Sometime the sign`s are right there.You just don`t catch it in time.Untill the end of the day. Nice channel cat.


----------



## Shortdrift (Apr 5, 2004)

Beautiful fish and a great picture.


----------



## freyedknot (Apr 10, 2004)

is the scioto up that much?


----------



## Salmonid (Apr 14, 2004)

Me and Mellon were headed to Tanners this morning but a last minute call from Doc stopped us as he stated that the ramp would be several feet under water ( the parking lot would be under water) so we bank fished instead. always next week, we hope...

Salmonid


----------



## H2O Mellon (Apr 5, 2004)

Bink.... nice channel!


----------



## Fishman (Apr 5, 2004)

How did you and Mellon do?


----------



## Mean Morone (Apr 12, 2004)

LOLOL. I had to laugh when I saw this post. The last time I was out on the Ohio River there were entire trees floating by the boat ramp. We had to get out and push trees and logs away from the ramp just to put in. I even saw a water heater go floating by. The ride up stream was very slow and nerve racking. Coming back to the ramp after dark was a challenge also. I like to think we are die hards even though some would say we were knuckle heads.  

Nice fish by the way. Makes it all worth it doesn't it.


----------



## BuckeyeTom (Apr 6, 2004)

May hats off to you guys,lol. I don't feel so bad now though. Criss calls me Saturday afternoon and tells me he is picking up some minnows so we can crappie fish. I said ok, but is'nt there ice on the lake. He said yes,but we can bust it. 1.5" to 2" is harder to bust than you think! We used this trapping drag he had tied to a 50' rope and commenced to hacking away at it until we had an opening. We did avoid bodily injury and caught 31 crappie. I'm still waiting to see if we end up on America's Funniest Video's or in the local paper.

Here is a pic....


----------



## Fishman (Apr 5, 2004)

That's awsome Tom, proves it's worth going out regardless of the weather!


----------



## Mean Morone (Apr 12, 2004)

Anyone fish out on the river yesterday? Team Smack decided to fish a feeder stream to the Ohio River yesterday. We used a small 14 ft boat with a trolling motor. There were three of us in that little boat.
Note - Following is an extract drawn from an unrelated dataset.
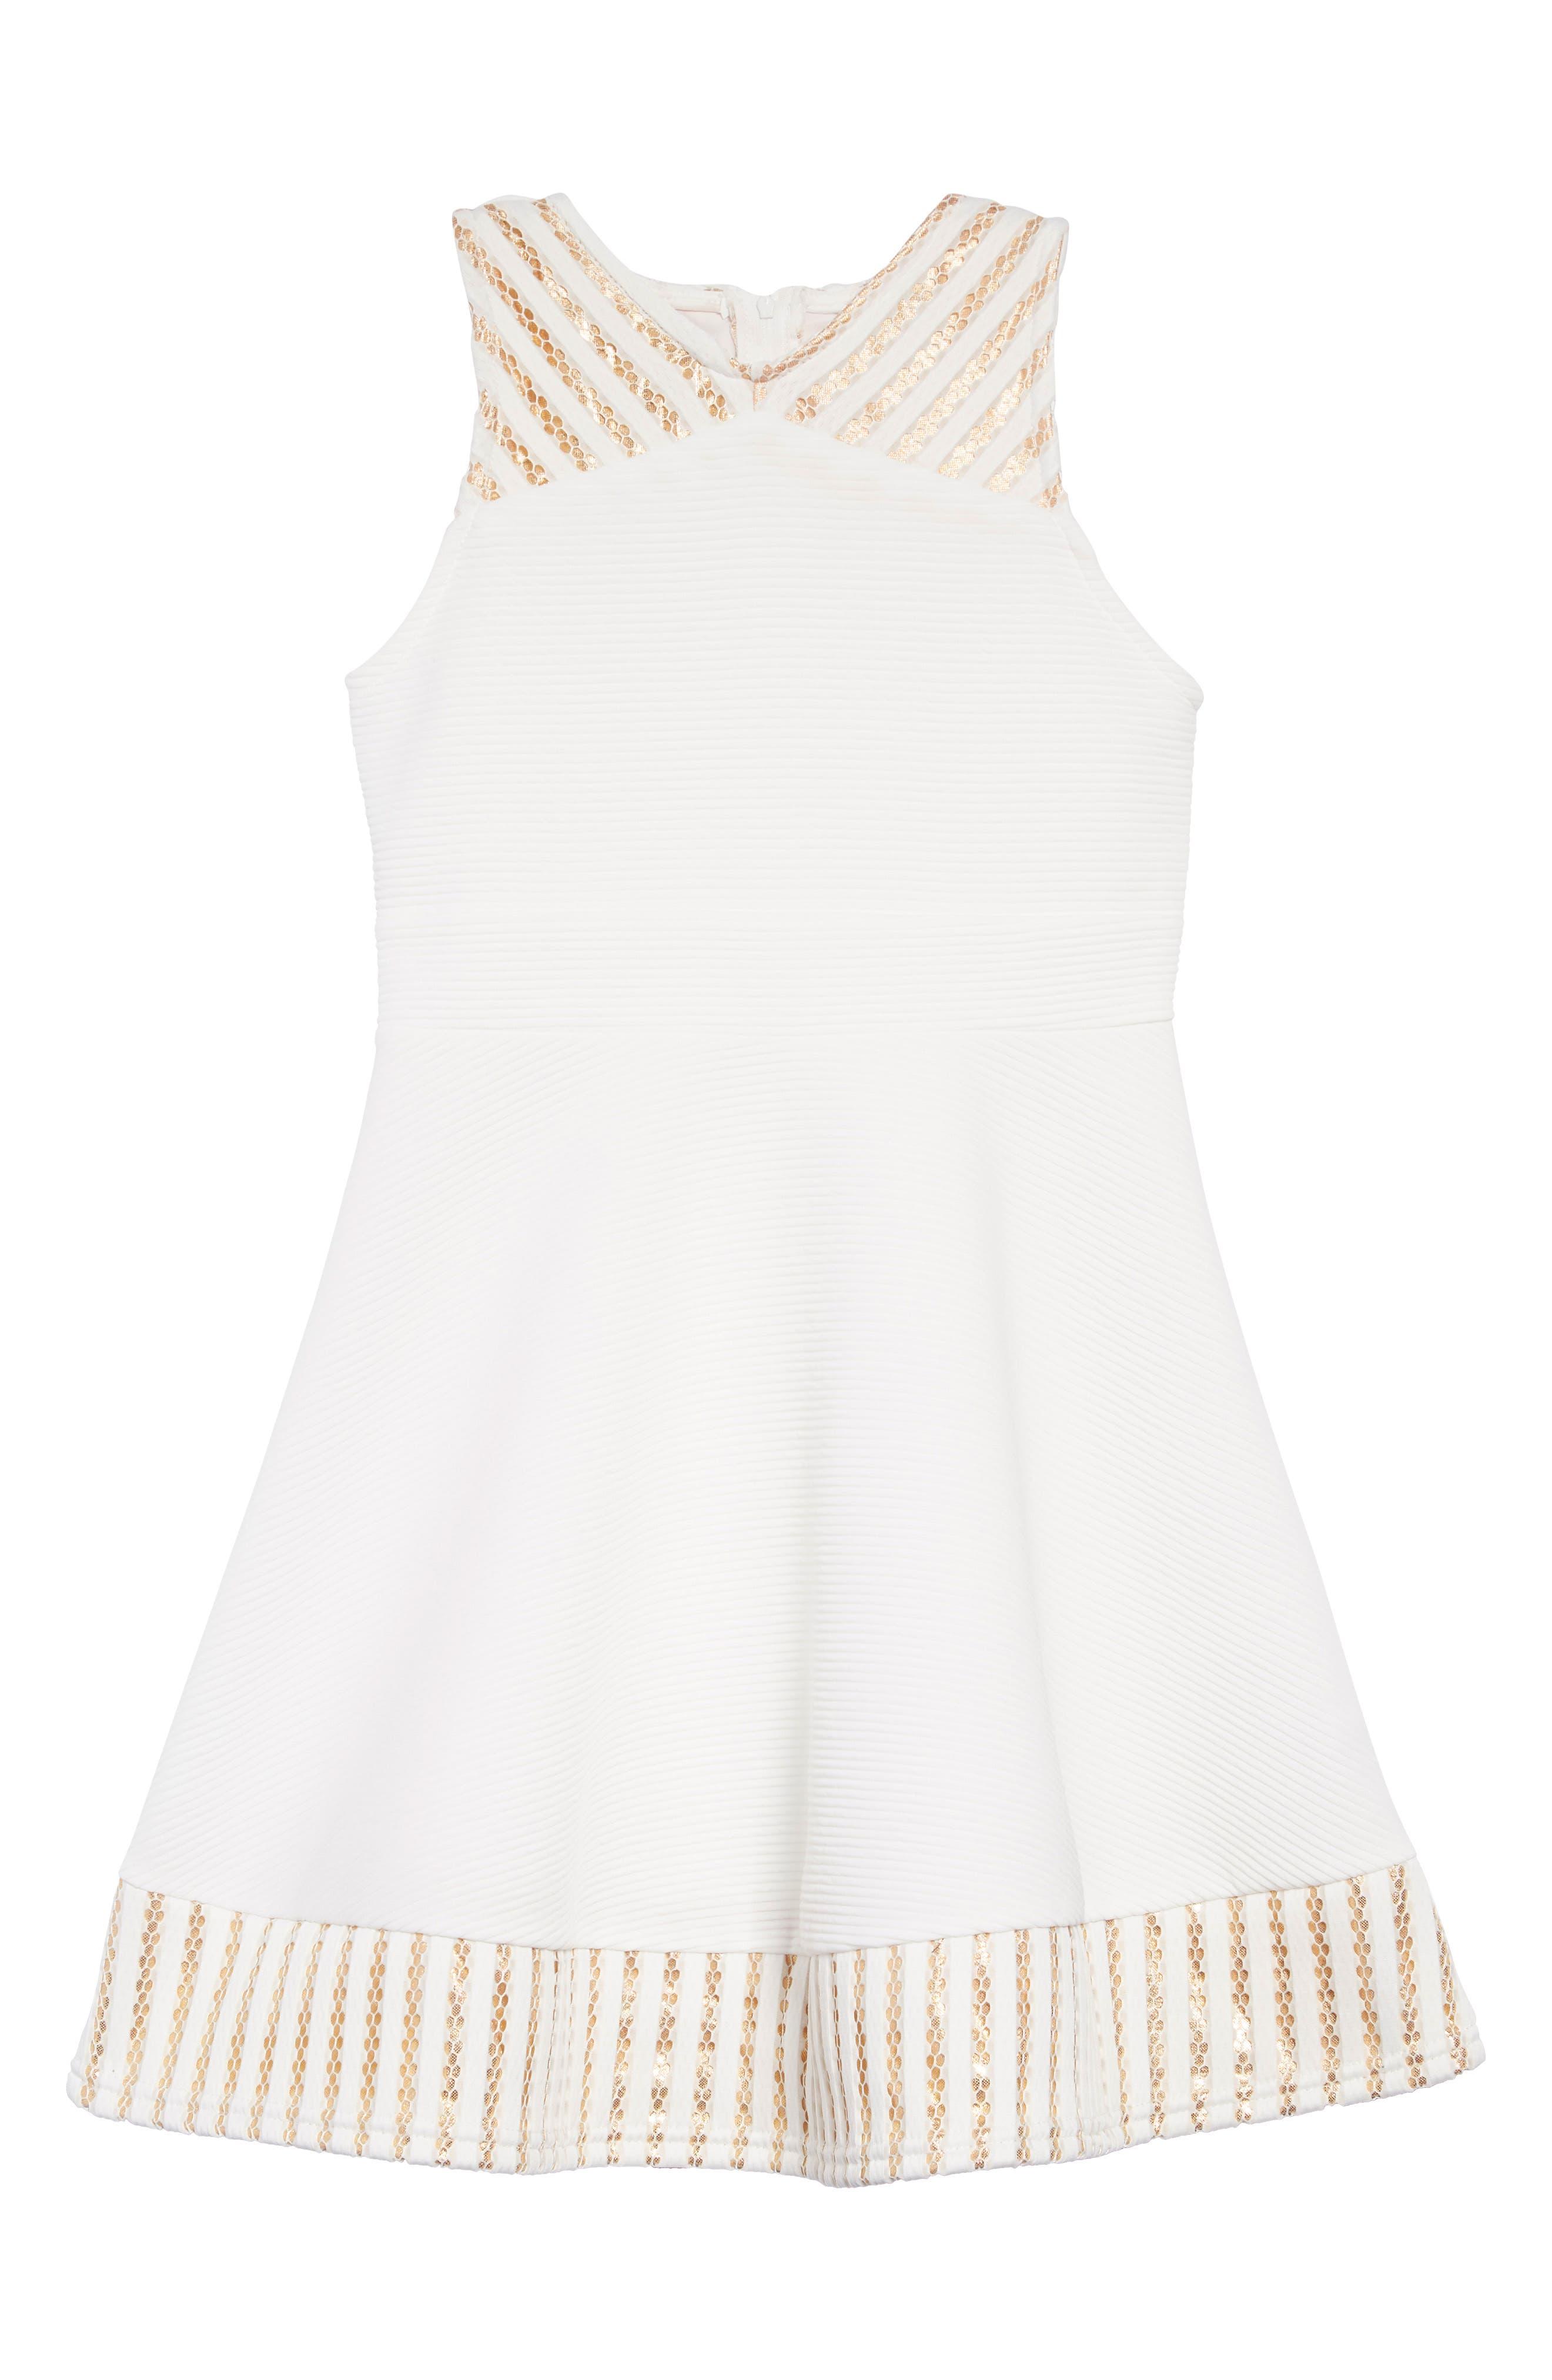 Metallic Trim Ribbed Skater Dress,                             Main thumbnail 1, color,                             WHITE/GOLD
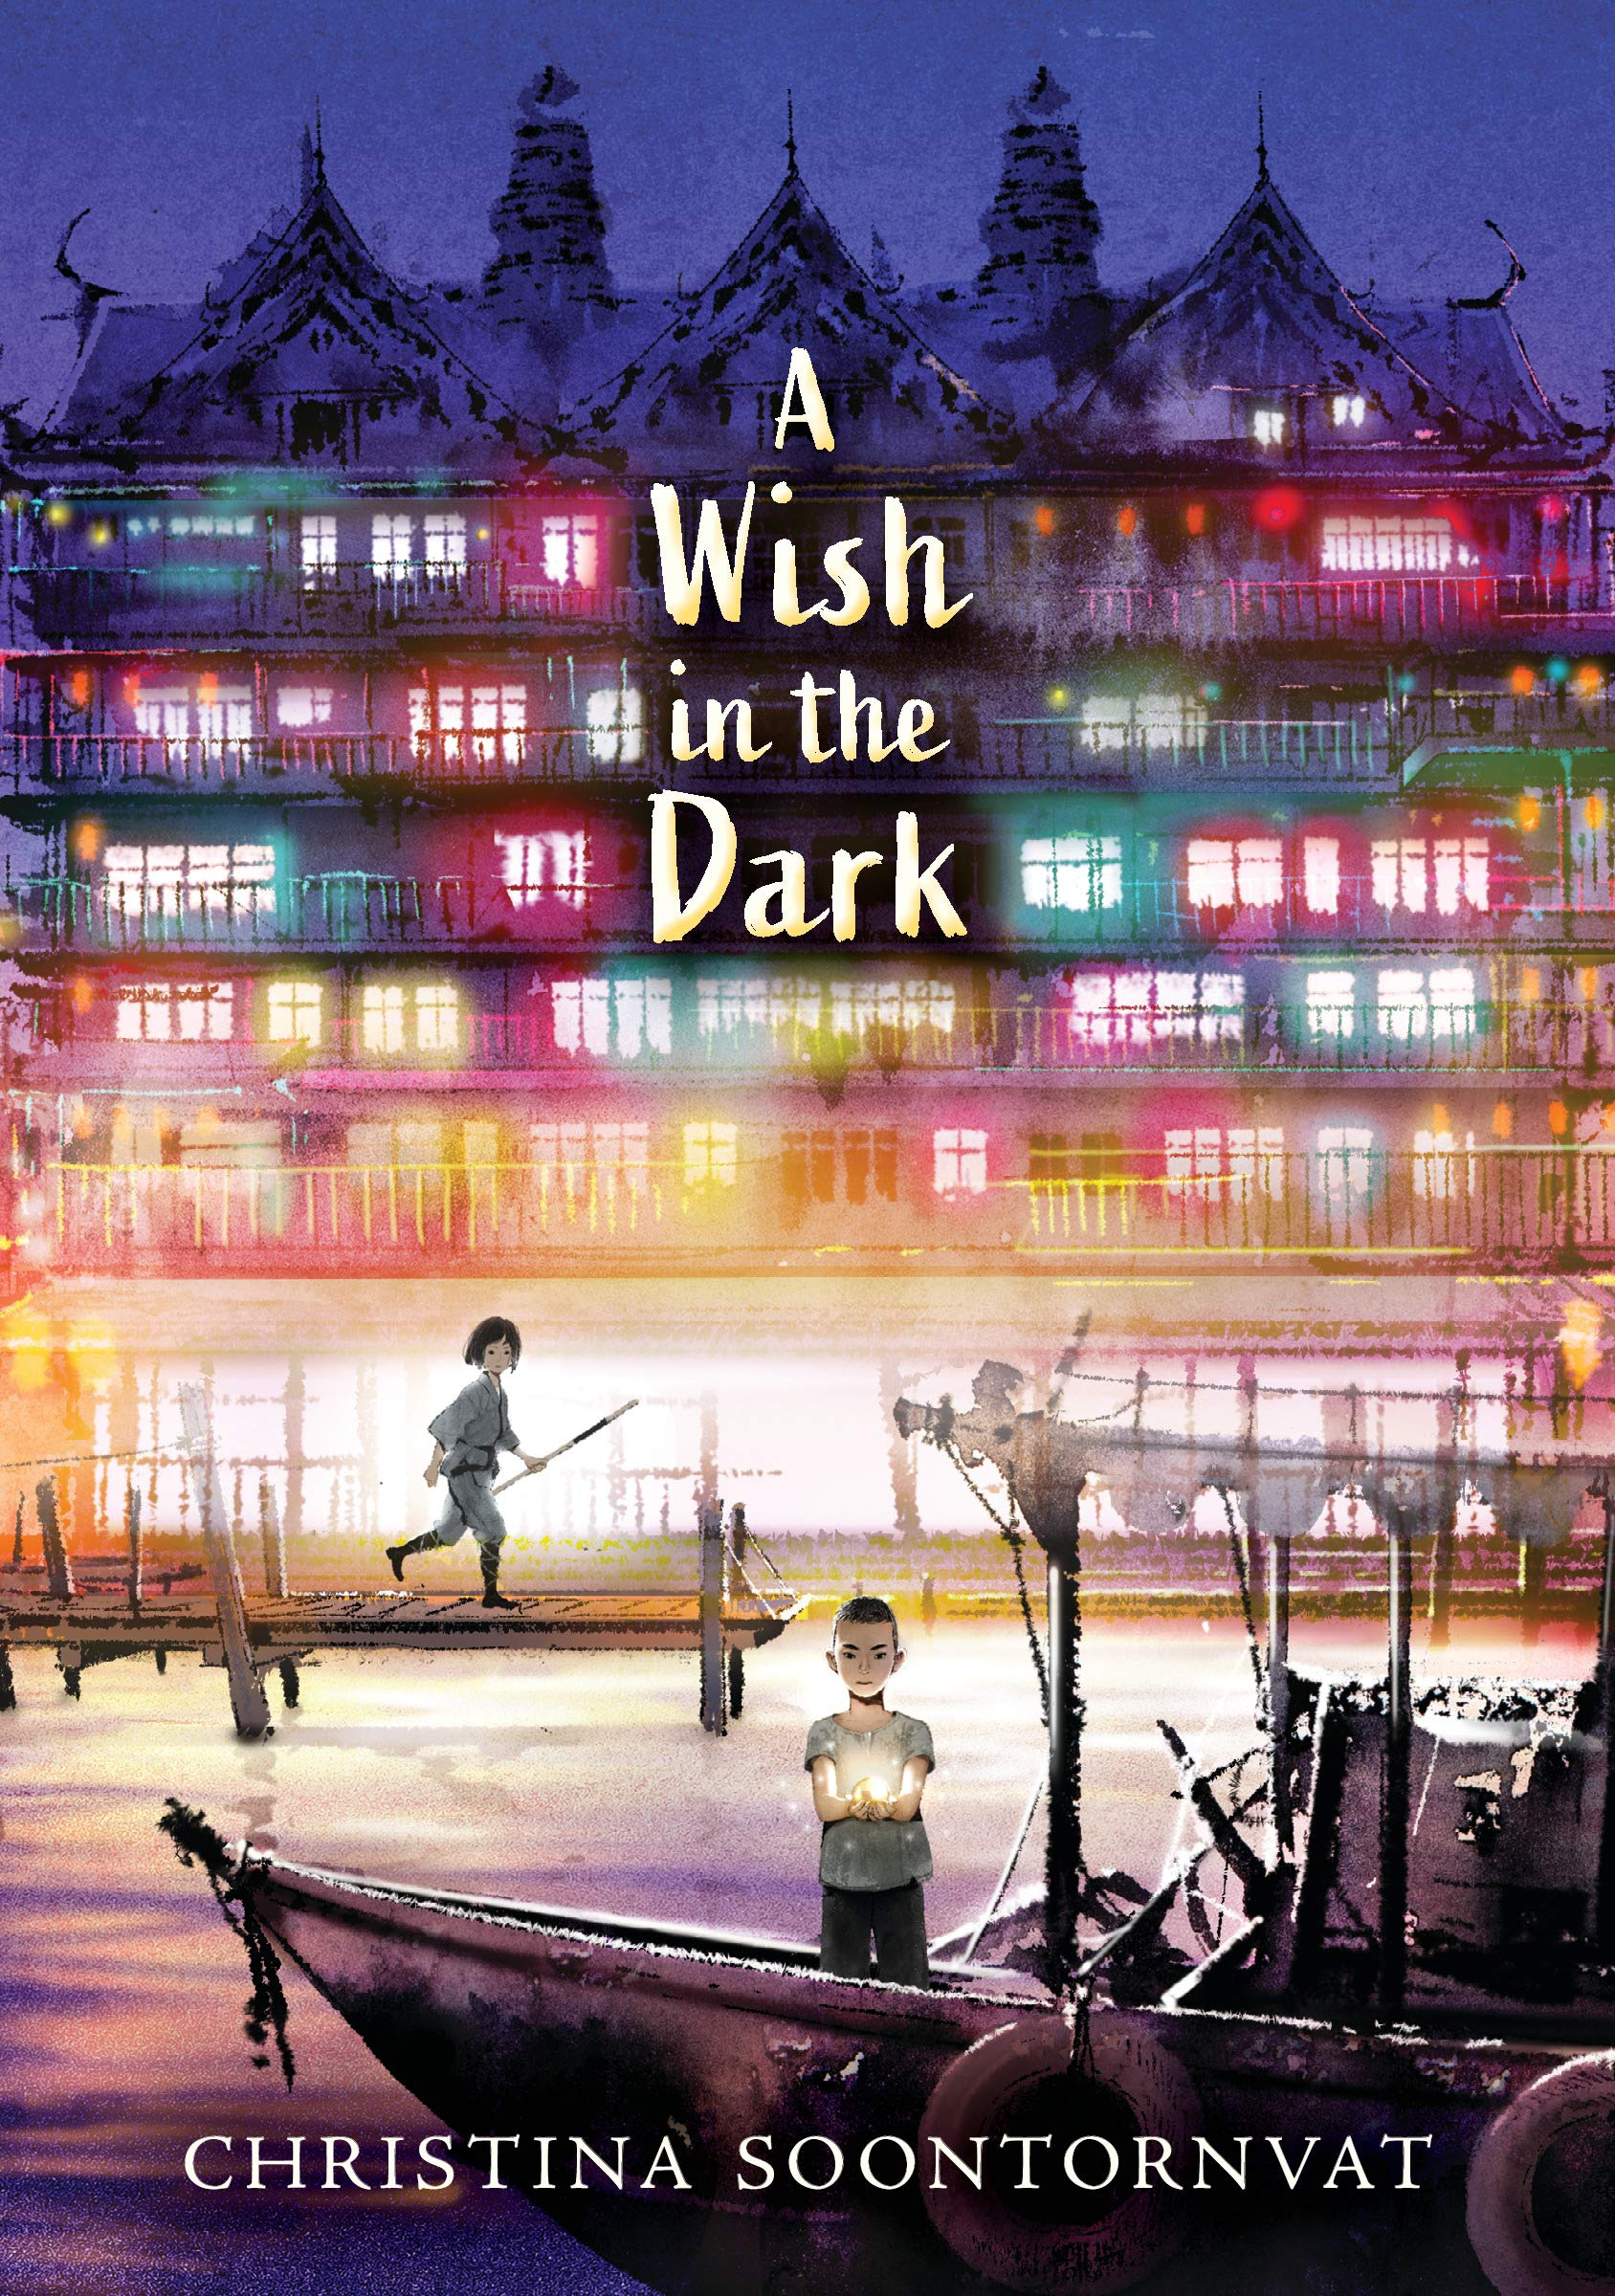 A Wish in the Dark: Soontornvat, Christina: 9781536204940: Amazon.com: Books

I could see barges gong up the river thats how close we were to the mighty Ohio River. It wasn't easy getting the boat in the water, but we managed. Our bait of choice was frozen skipjack. We tried to fish close to where we put in, but didn't get any bites so we moved futher up stream. We set up again and started fishing. I got the first bite and landed a blue cat about 2 lb. My buddy in the middle of the boat started getting bit and ended up with three fish, two channel cats and a blue. THe biggest was the channel cat it weighed a little over 8 lbs on the bogo. We started fishing our way back to where we put in when the front came through. Strong gusts and rain hammered us as we tried to get back. I was in the front of the boat and got soaked to the bone by rollers coming over the front. The wind was blowing hard right in our faces and made it difficult to get back. We then had to find where we put in. The trees in the water all look alike at night! We found our spot and then had to drag the boat back to the truck. I'm gettin too old for this nonsense. Still had a blast. Caught some fish and hung out with the Smack boys. It's all good.


----------